### WORK TO BE COMPLETED
Return the listing below exactly as it stands. Pictures stay out.

### SUPPLIED MATERIAL
# # #

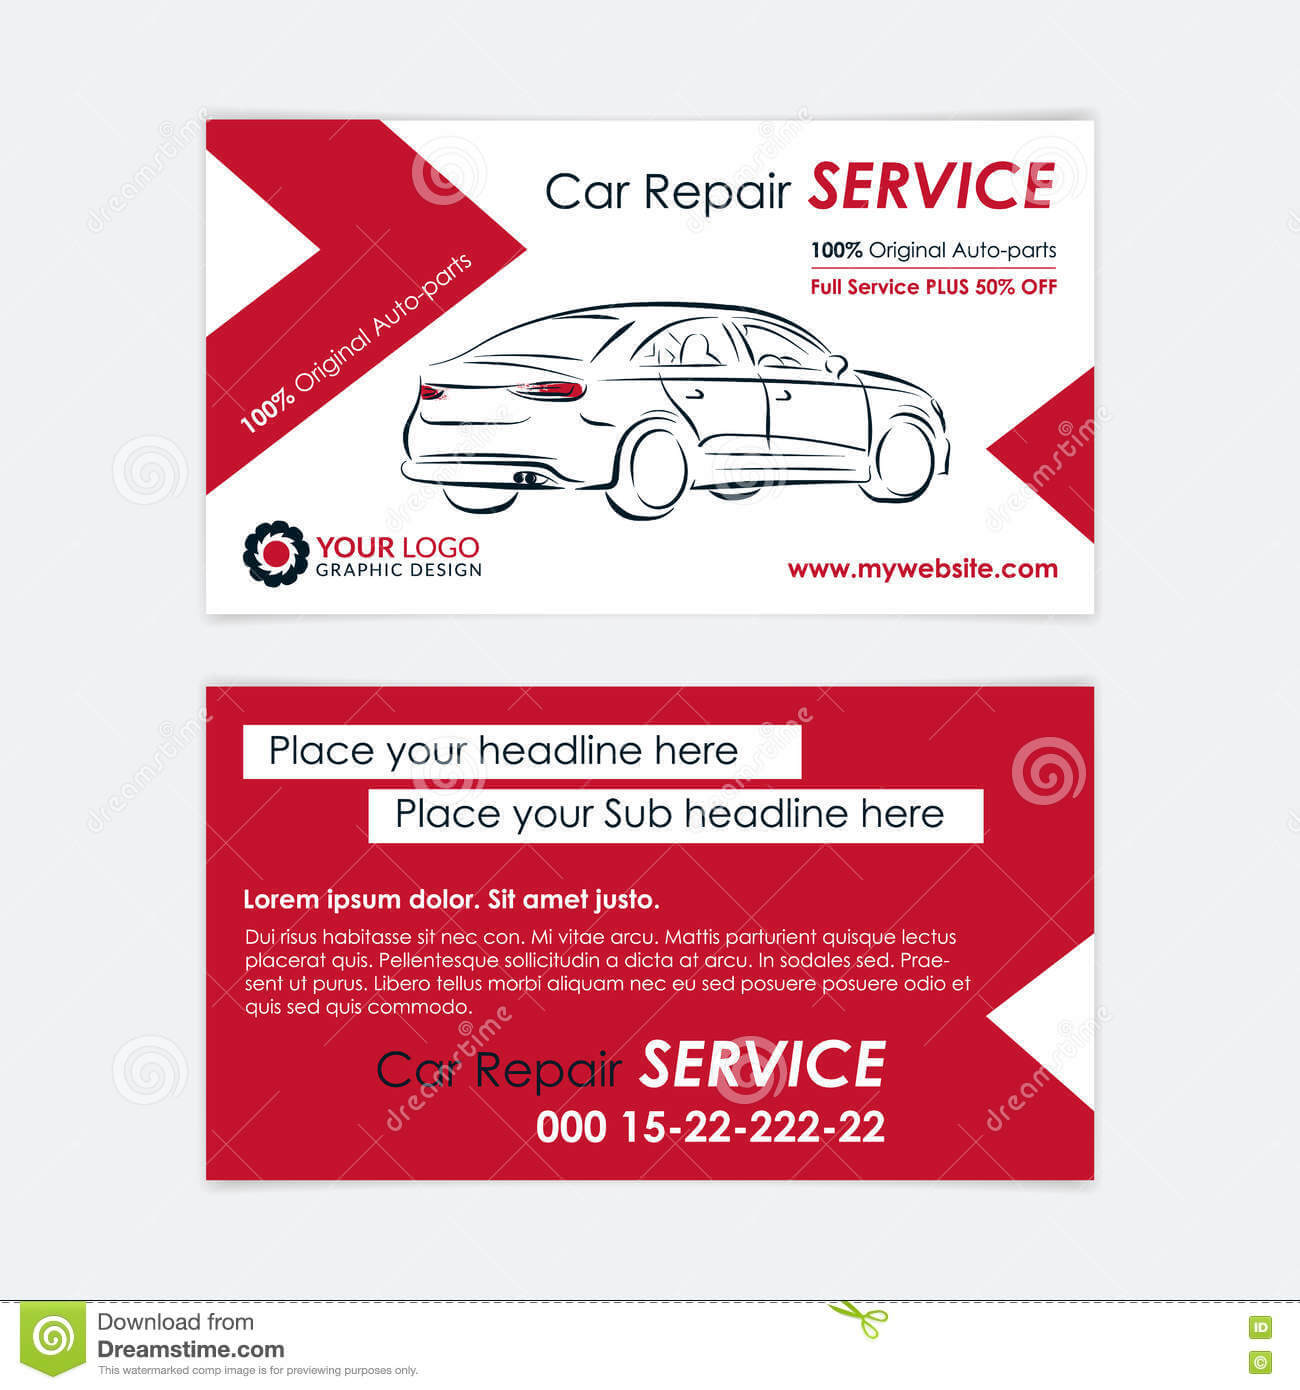 Auto Repair Business Card Template. Create Your Own Business Intended For Automotive Business Card Templates
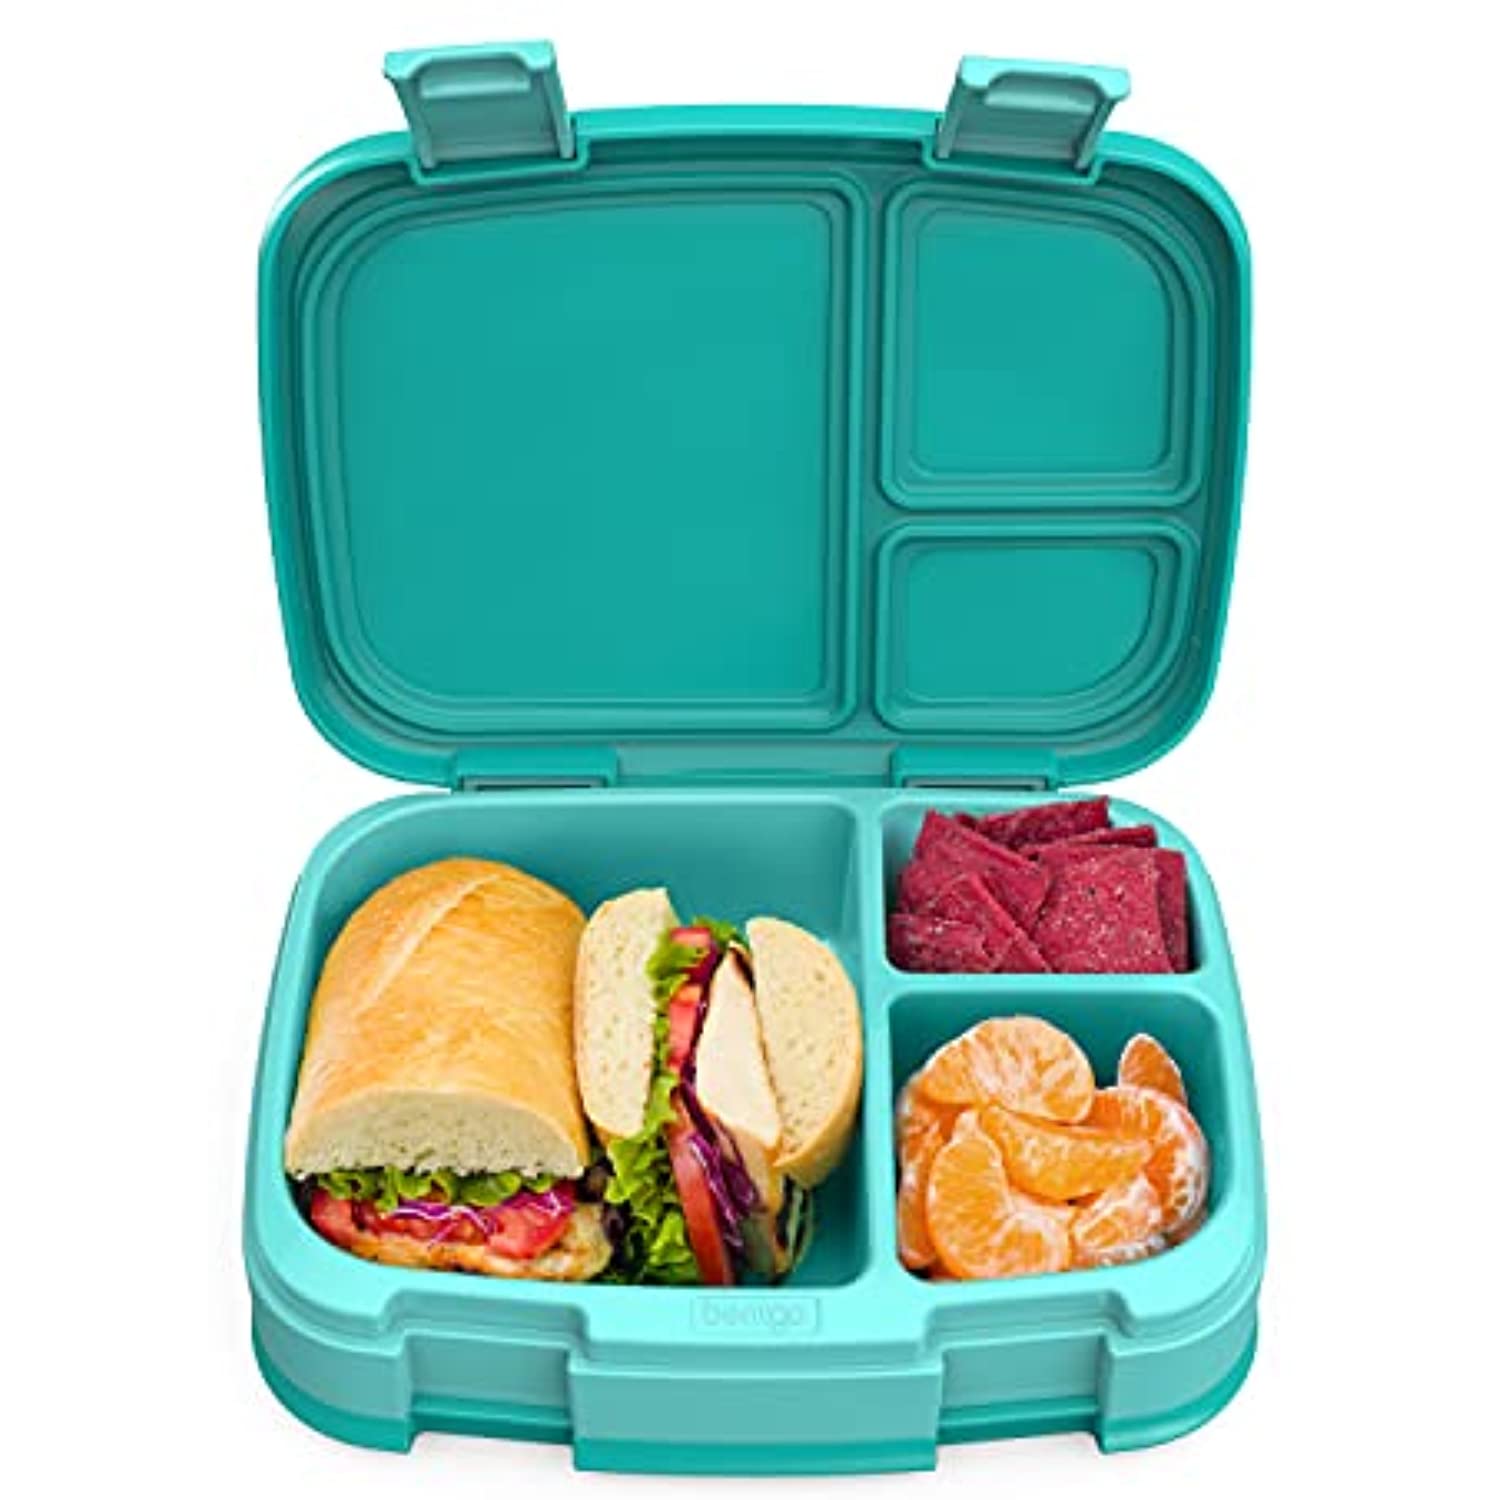 Bentgo Fresh – Leak-Proof, Versatile 4-Compartment Bento-Style Lunch Box with Removable Divider, Portion-Controlled Meals for Teens and Adults On-The-Go – BPA-Free, Food-Safe Materials (Aqua)
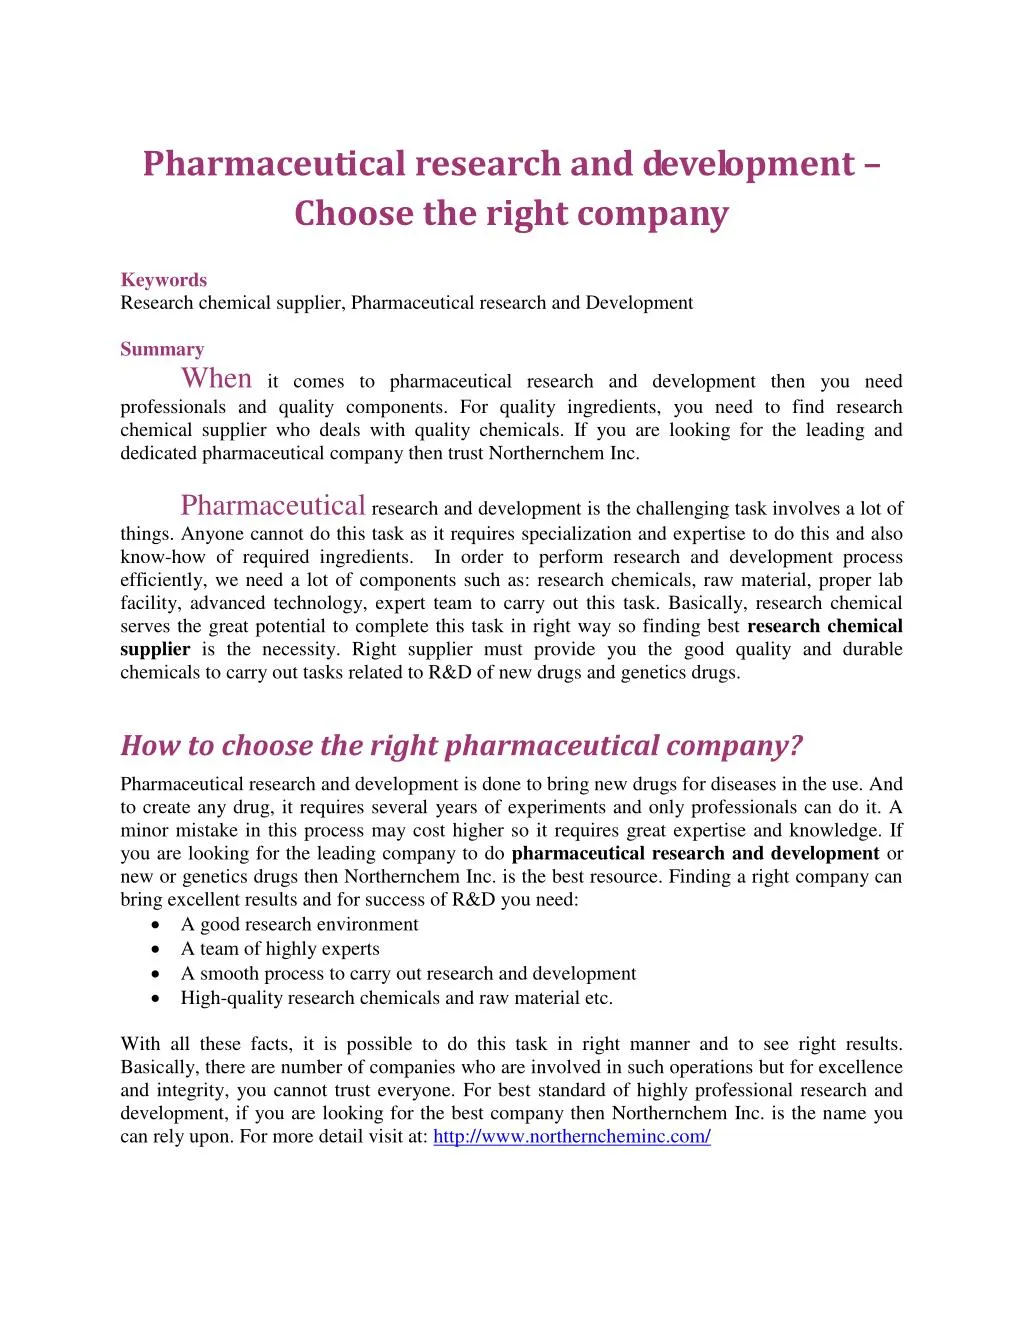 pharmaceutical research and development choose

# # #

### WRITTEN REPLY
 Auto Repair Business Card Template. Create Your Own Business Intended For Automotive Business Card Templates
 Bentgo Fresh – Leak-Proof, Versatile 4-Compartment Bento-Style Lunch Box with Removable Divider, Portion-Controlled Meals for Teens and Adults On-The-Go – BPA-Free, Food-Safe Materials (Aqua)
 pharmaceutical research and development choose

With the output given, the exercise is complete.